Secara historis, paradigma orientalis terhadap Islam ada yang bersifat subyektif dan obyektif yang bisa ditengarai dari era aktivitas penelitian mereka. Para orientalis periode awal dalam mengkaji Islam memiliki tujuan untuk mendegradasi Islam dari dalam. Eksistensi orientalisme bukan hanya wacana akademis tetapi memiliki motif politis, ekonomi dan keagamaan. Secara politis, kajian orientalis tentang dunia Timur untuk kepentingan politik kolonialisme Eropa dalam rangka menguasai dunia Islam. Namun seiring berlalunya waktu, mulai muncul adanya kesadaran dalam mengkaji Islam secara obyektif di kalangan para orientalis.[1]

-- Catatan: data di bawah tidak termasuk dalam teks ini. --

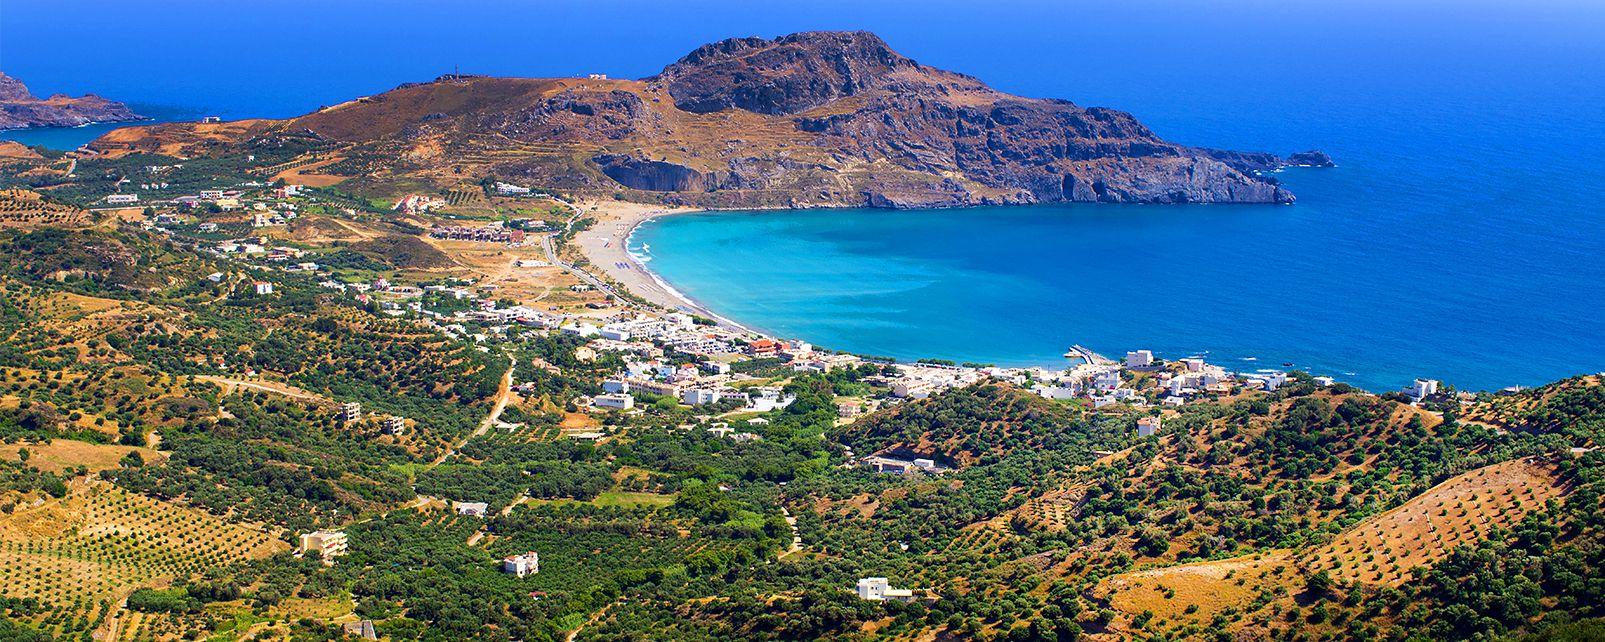 La costa sur, Las costas, Creta

Yang terakhir, yang menjadi kajian tulisan ini, adalah Thomas Arnold (1864-1930 M) dari Inggris dengan karyanya yang berjudul Preaching of Islam yang telah diterjemahkan ke dalam banyak bahasa termasuk Turki, Urdu, Arab dan Bahasa Indonesia.

  1. Rumusan Masalah

Berdasarkan latar belakang di atas maka rumusan masalah dalam makalah ini adalah sebagai berikut:

  1. Apa definisi orientalisme dan obyektifitas?
  2. Siapa saja orientalis yang dianggap obyektif?
  3. Apa saja obyektifitas Thomas W. Arnold?

 

  1. Tujuan

Berikut adalah tujuan dari makalah ini:

  1. Mengetahui dan memahami definisi orientalisme dan obyektifitas.
  2. Mengetahui dan memahami secara ringkas kalangan orientalis yang obyektif
  3. Mengetahui dan memahami obyektifitas Thomas W. Arnold.

 

BAB II

PEMBAHASAN

  1. Definisi
  2. Orientalisme

Secara etimologis, istilah “Orient” berasal dari kata Latin oriens yang berarti “timur” (literal. “terbit”). Penggunaan kata “terbit” untuk merujuk ke timur (tempat matahari terbit). Istilah yang berlawanan adalah  ” Occident” (Barat) berasal dari kata Latin occidens, yang berarti barat (literal: terbenam). Istilah ini berarti barat (tempat matahari terbenam) tetapi tidak digunakan lagi dalam bahasa Inggris, dan digantikan dengan “Western world”.[2] Orientalis dan Orientalisme dalam Kamus Bahasa Indonesia adalah ilmu pengetahuan tentang ketimuran atau tentang budaya ketimuran.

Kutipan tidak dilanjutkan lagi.